From: The Third Circuit Blog
The decision in United States v. Doe, http://www.ca3.uscourts.gov/opinarch/083968p.pdf, holds that if the starting point for the sentence is not lowered by the retroactive crack amendment, a defendant is ineligible for relief under 18 U.S.C. section 3582(c)(2). This seems to put an end to litigation on behalf of career offenders who receive departure sentences, or those subject to mandatory minimum sentences who received 5K/3553(e) relief.

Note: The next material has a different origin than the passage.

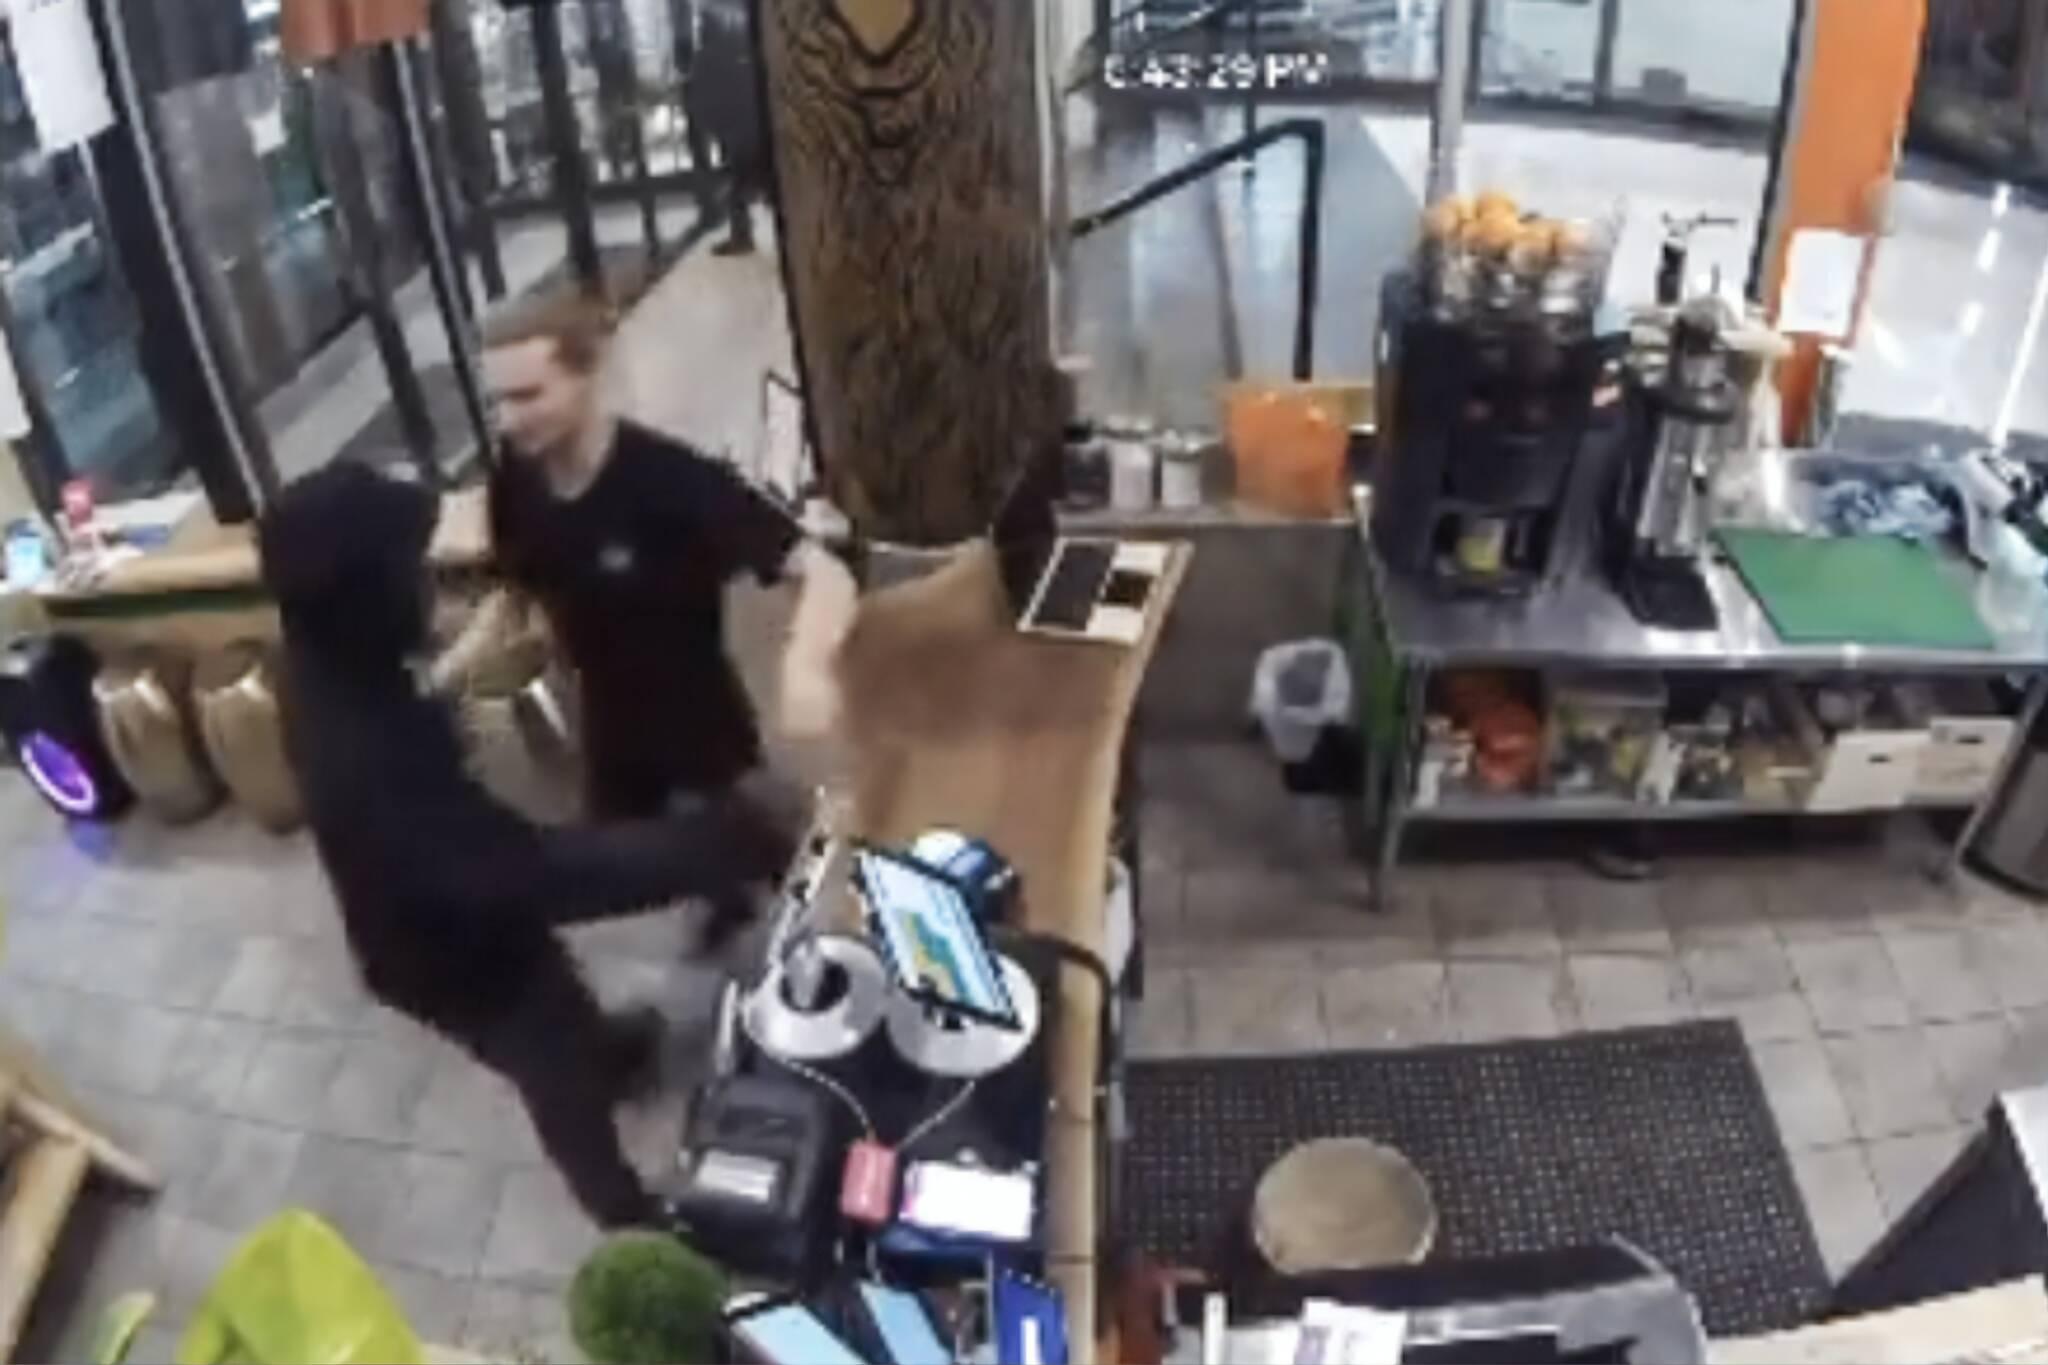 juice bar theft

The decision is based on what the panel calls the “second element” of section 3582(c)(2), which provides that reductions in sentence should be “consistent with” policy statements of the Sentencing Commission, and the Commission’s policy statement in USSG section 1B1.10 that defendants are not entitled to relief unless the amendment has the effect of “lowering the defendant’s applicable guideline range.” Because its ruling is based on the “second element,” the decision does not address Doe’s “based on” or rule of lenity arguments.
Judge Fuentes writes a concurring opinion that sounds almost like a dissent, commenting that it is unclear (though not grievously ambiguous, so no rule of lenity relief) that the Commission intended this result and that the Court’s interpretation creates some serious inequities among crack defendants.
Doe will seek rehearing en banc. The petition is due on May 14th.